*Exercise*. With the pictures left out, write out the records verbatim.

*Given entries*.
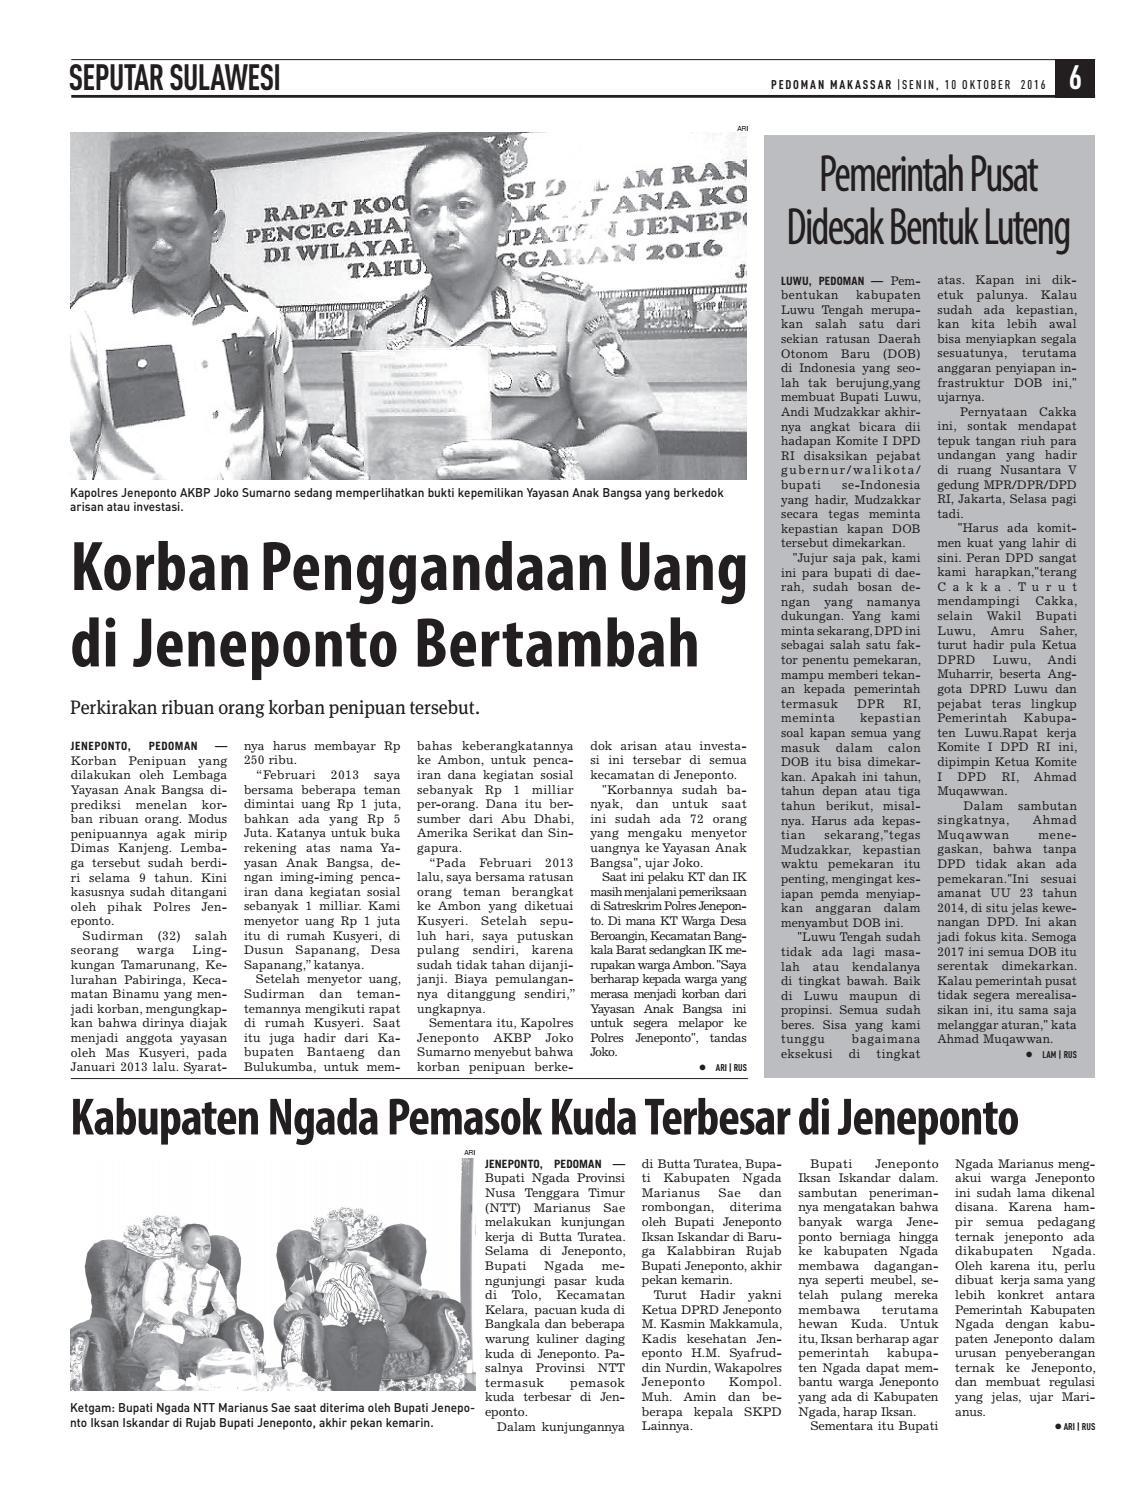 Edisi 67 10 Oktober 2016 Pedoman Makassar By Pedoman Makassar
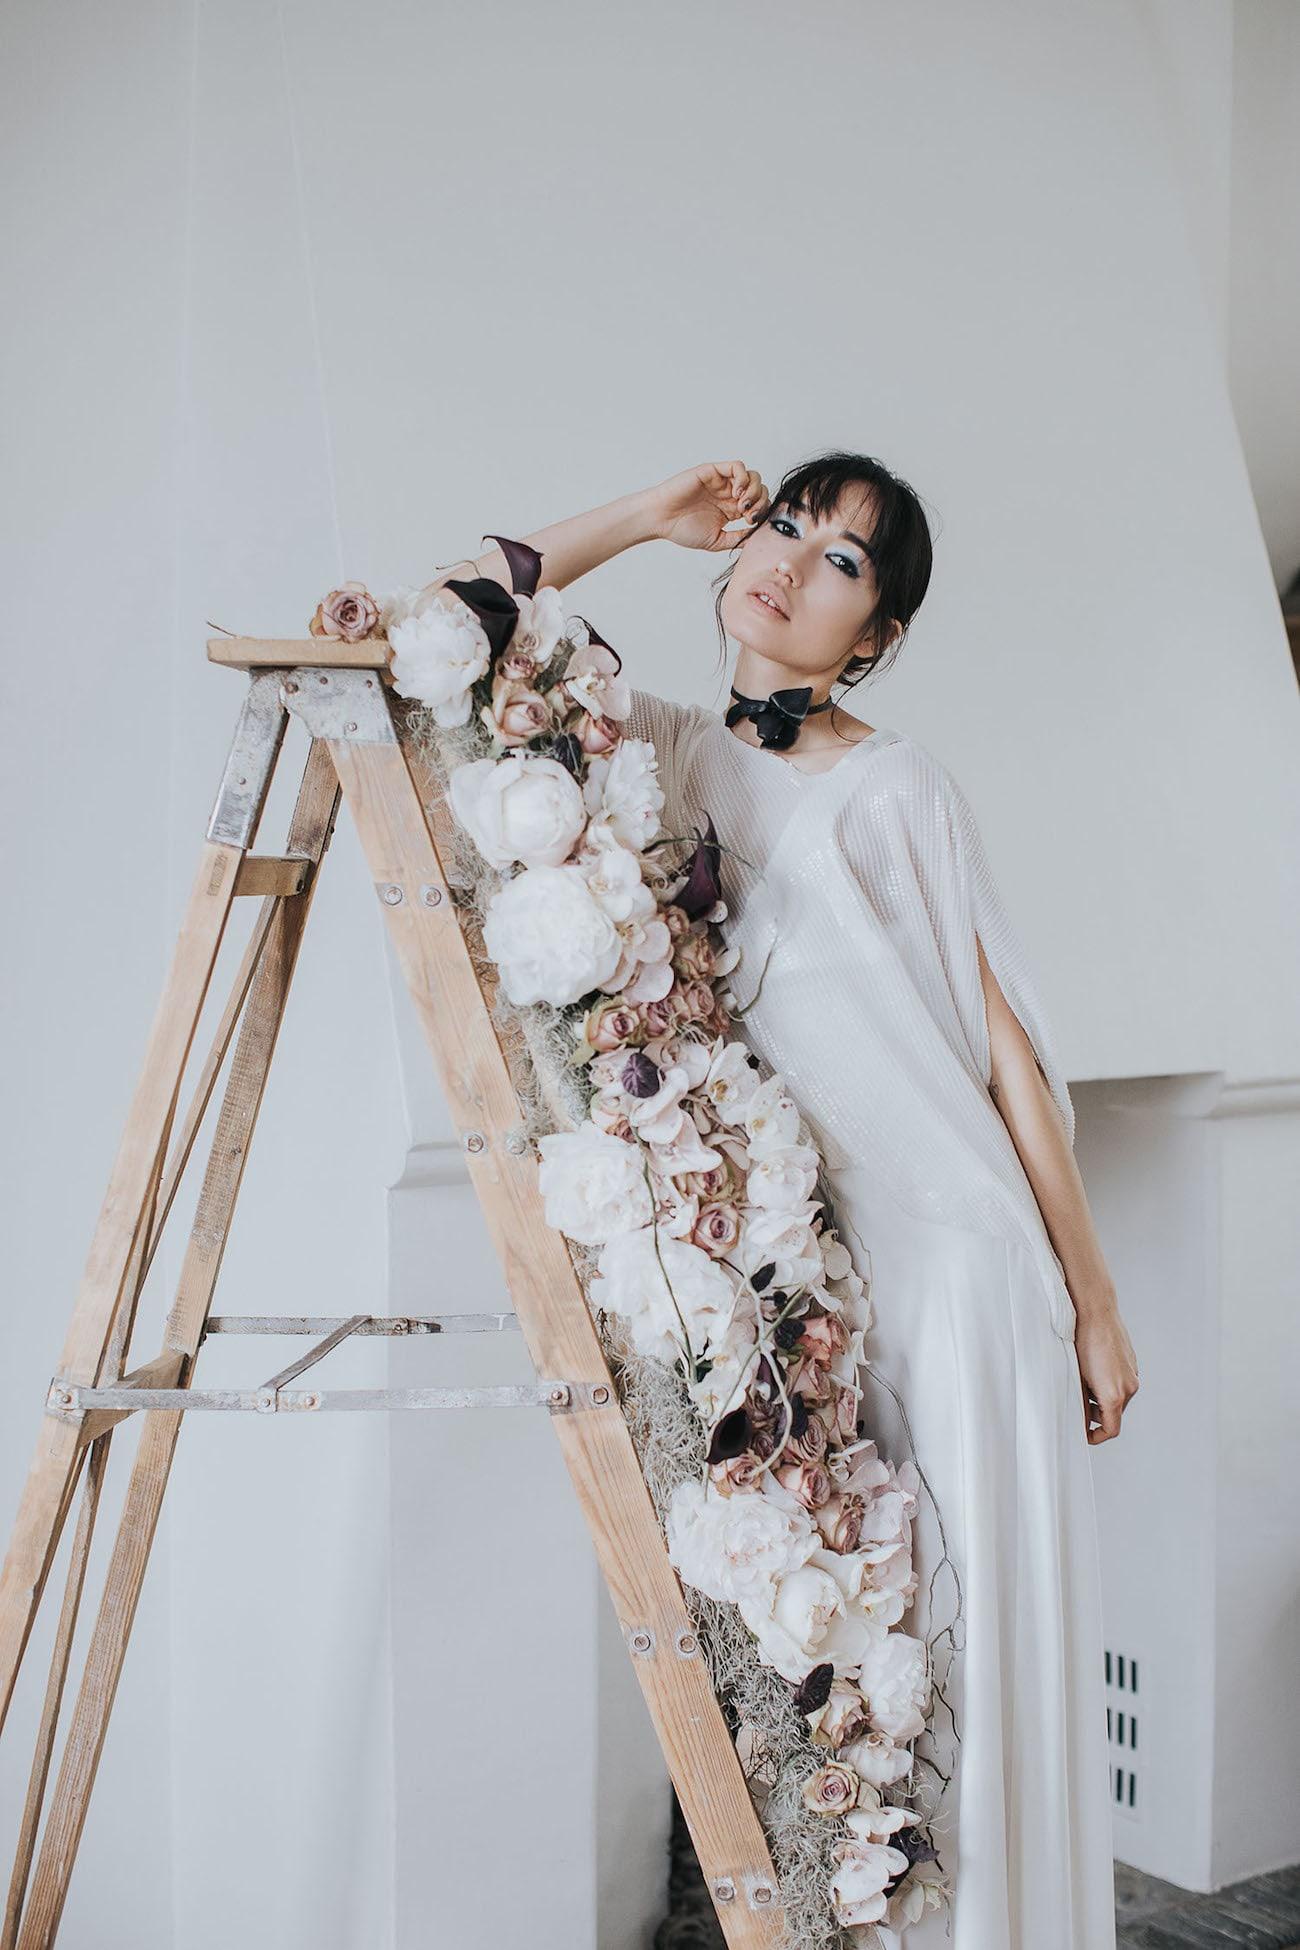 Modern Wedding Dress | Credit: Cornelia Lietz
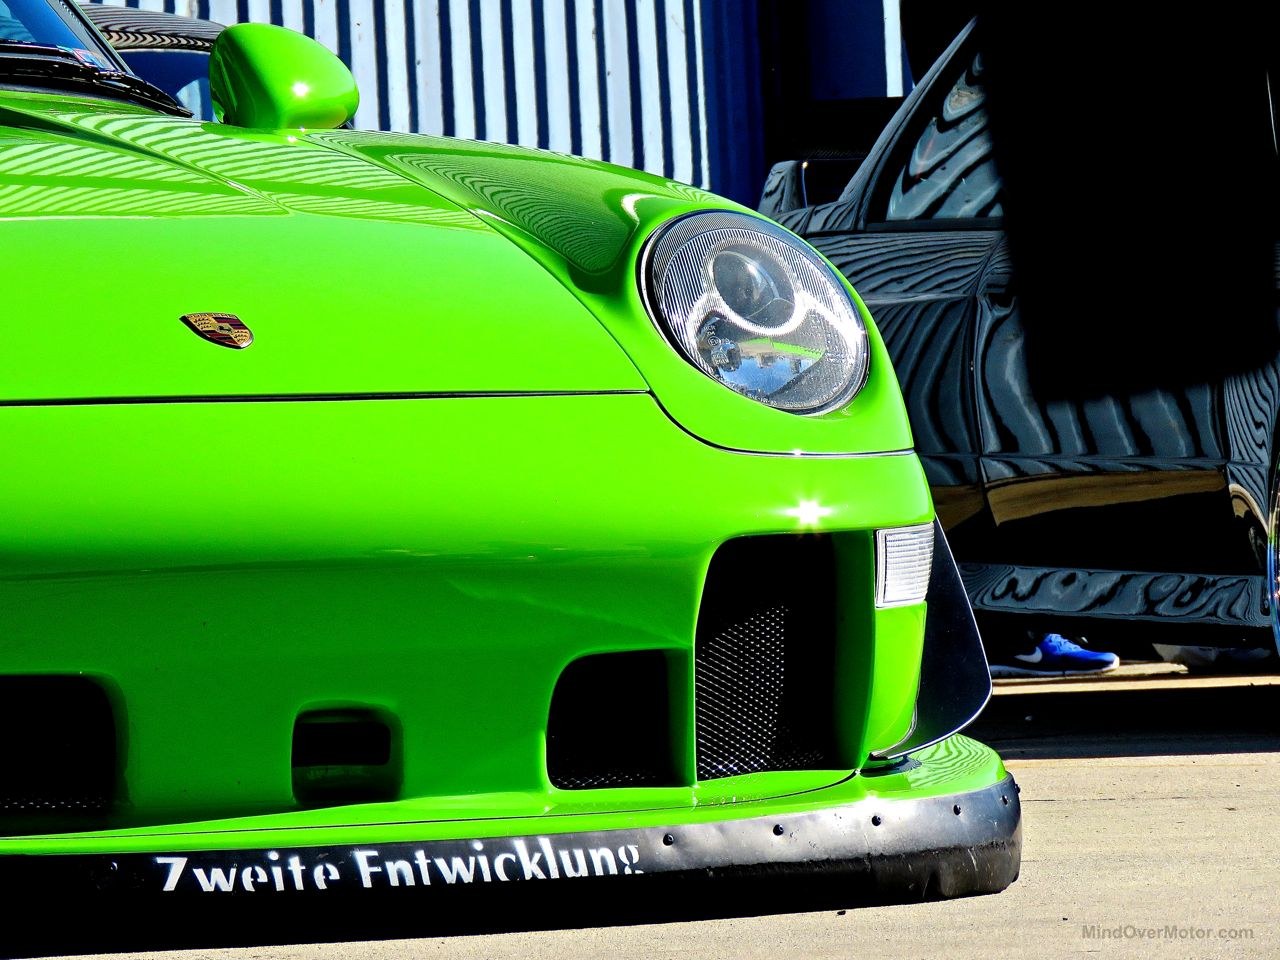 RWB Porsche 993 Philly 7
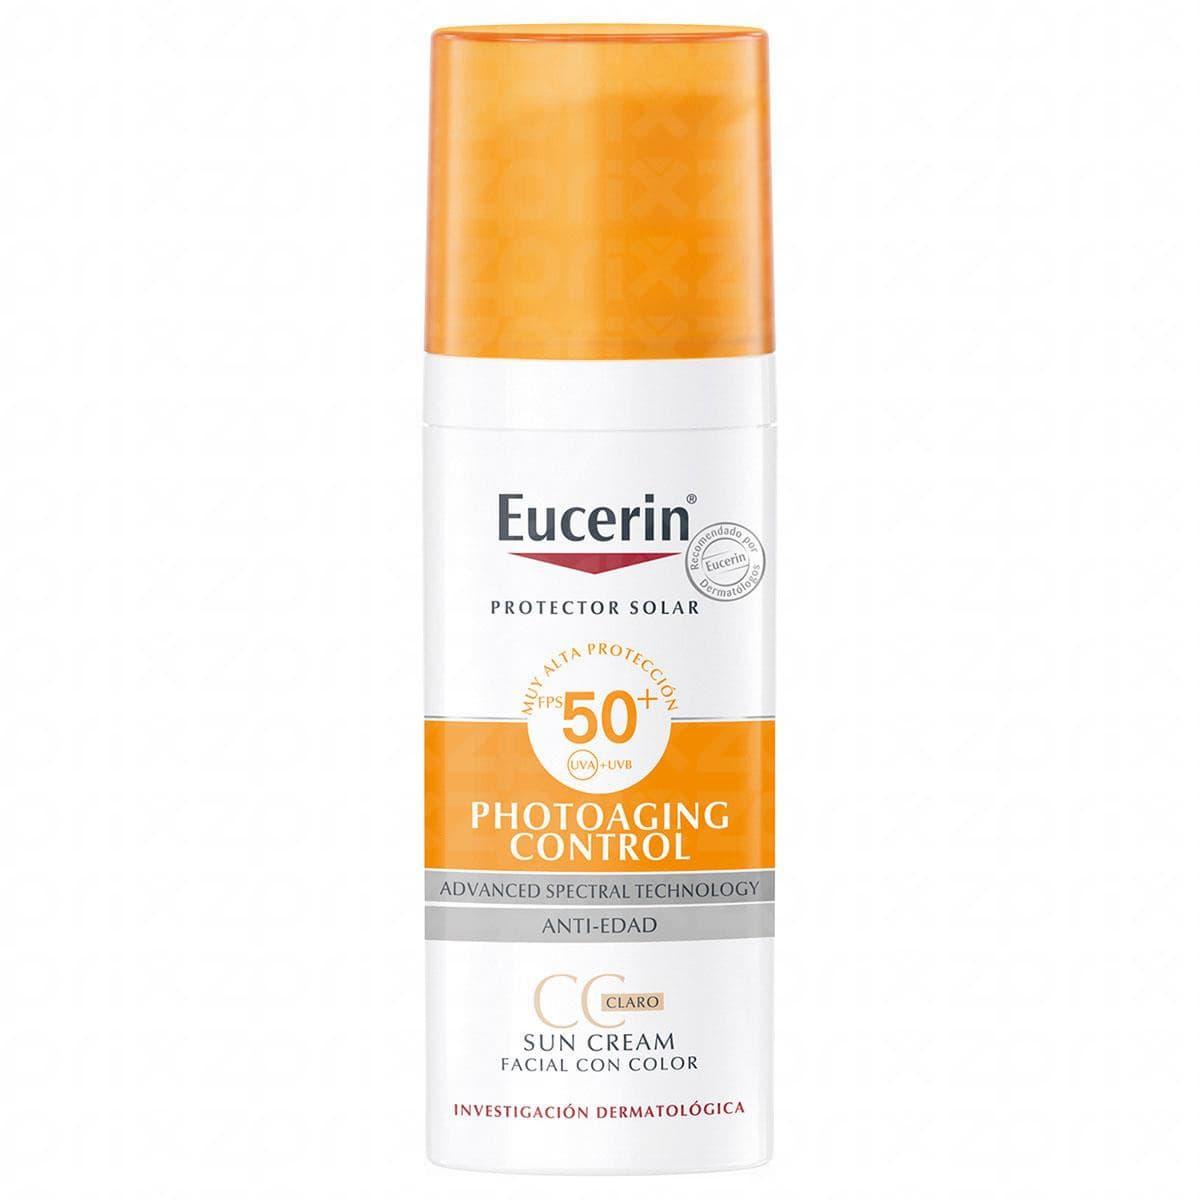 Eucerin Sun creme con color tono claro SPF 50 con 50 ml
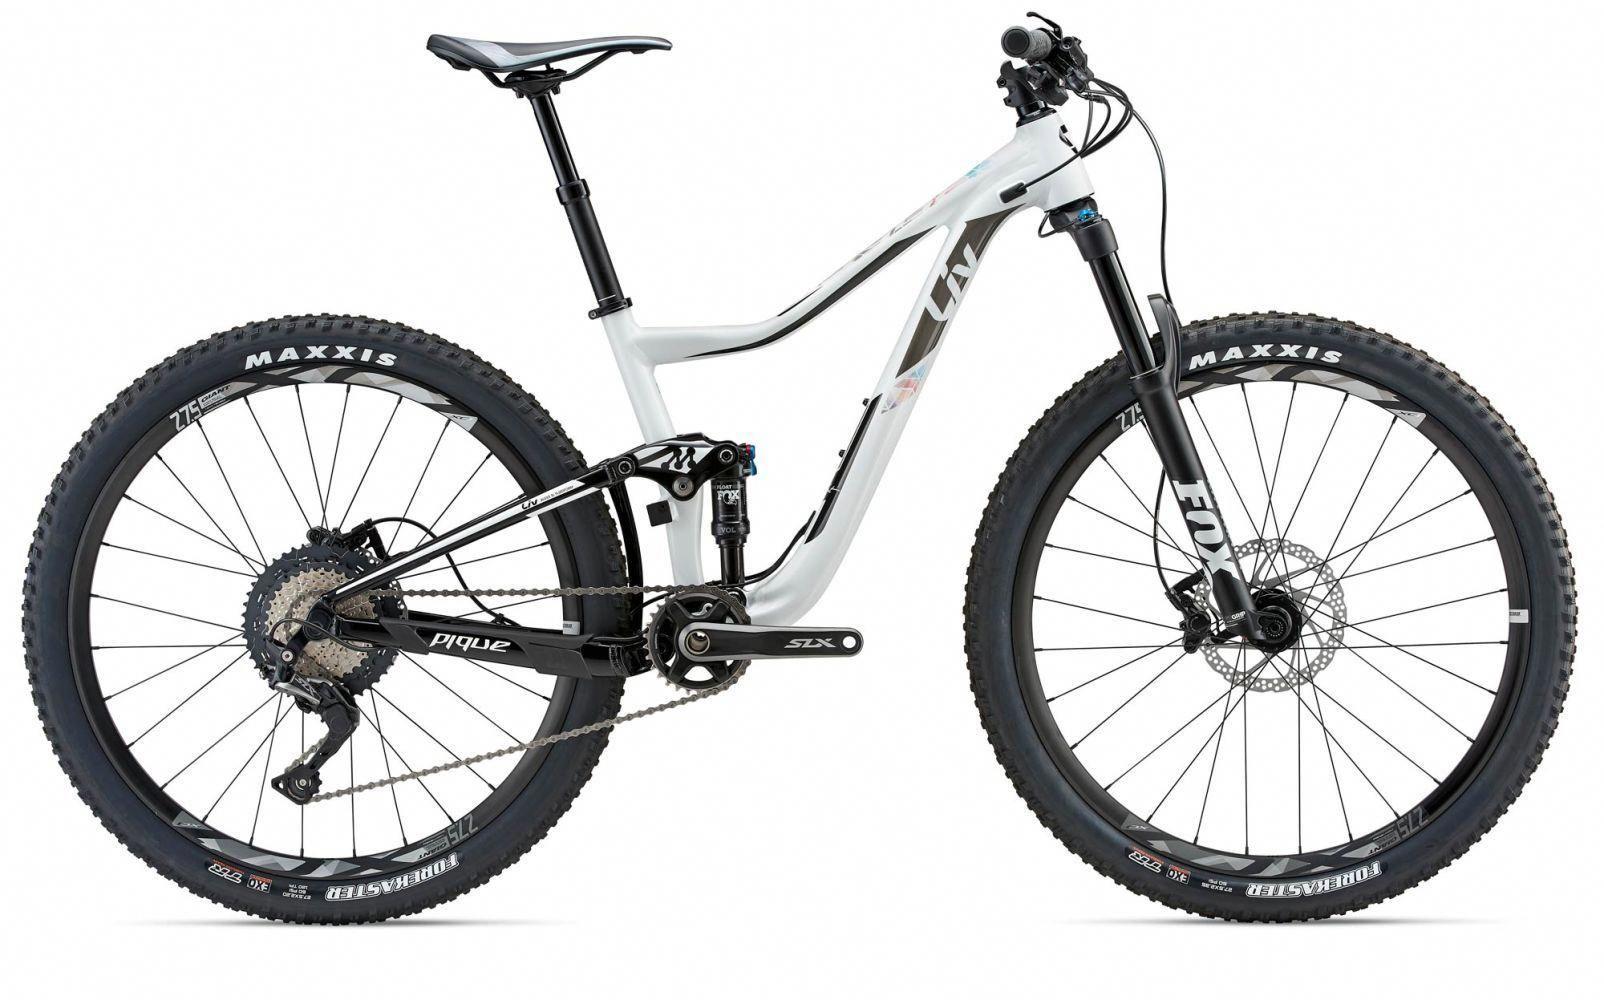 Types Of Bikes With Images Folding Mountain Bike Mountain

*Result*.
 Edisi 67 10 Oktober 2016 Pedoman Makassar By Pedoman Makassar
 Modern Wedding Dress | Credit: Cornelia Lietz
 RWB Porsche 993 Philly 7
 Eucerin Sun creme con color tono claro SPF 50 con 50 ml
 Types Of Bikes With Images Folding Mountain Bike Mountain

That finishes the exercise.